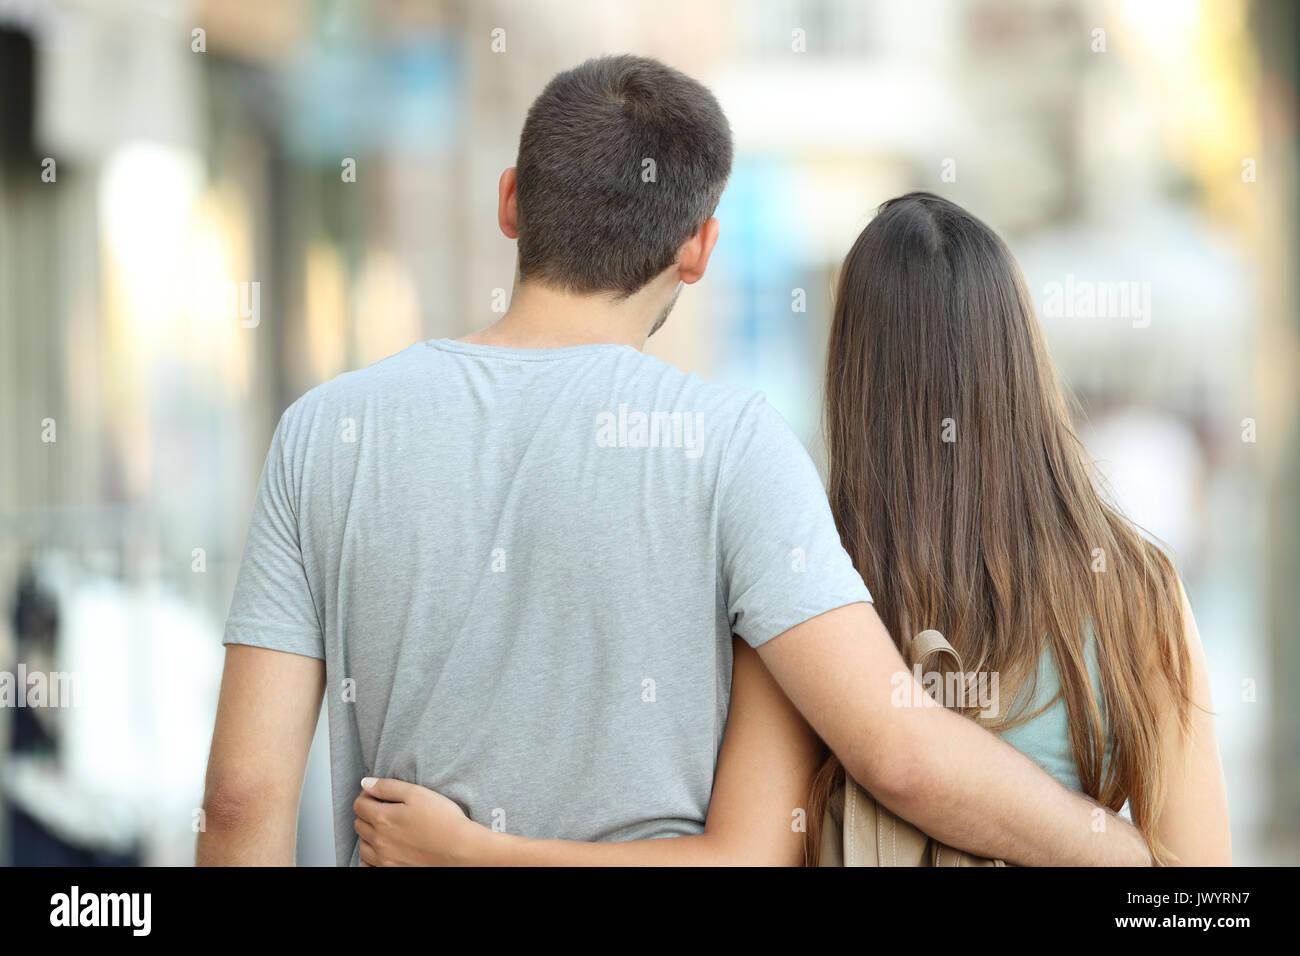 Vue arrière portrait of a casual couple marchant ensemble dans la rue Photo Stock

━━━━━━━━

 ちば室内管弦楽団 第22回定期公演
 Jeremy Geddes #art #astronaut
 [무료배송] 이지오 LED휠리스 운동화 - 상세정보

━━━━━━━━

About this task:
Starting with the line that holds "ちば室内管弦楽団 第22回定期公演" and ending with the line that holds "[무료배송] 이지오 LED휠리스 운동화 - 상세정보", retype every line in the data above exactly, and nothing else.

Problem solution:
 ちば室内管弦楽団 第22回定期公演
 Jeremy Geddes #art #astronaut
 [무료배송] 이지오 LED휠리스 운동화 - 상세정보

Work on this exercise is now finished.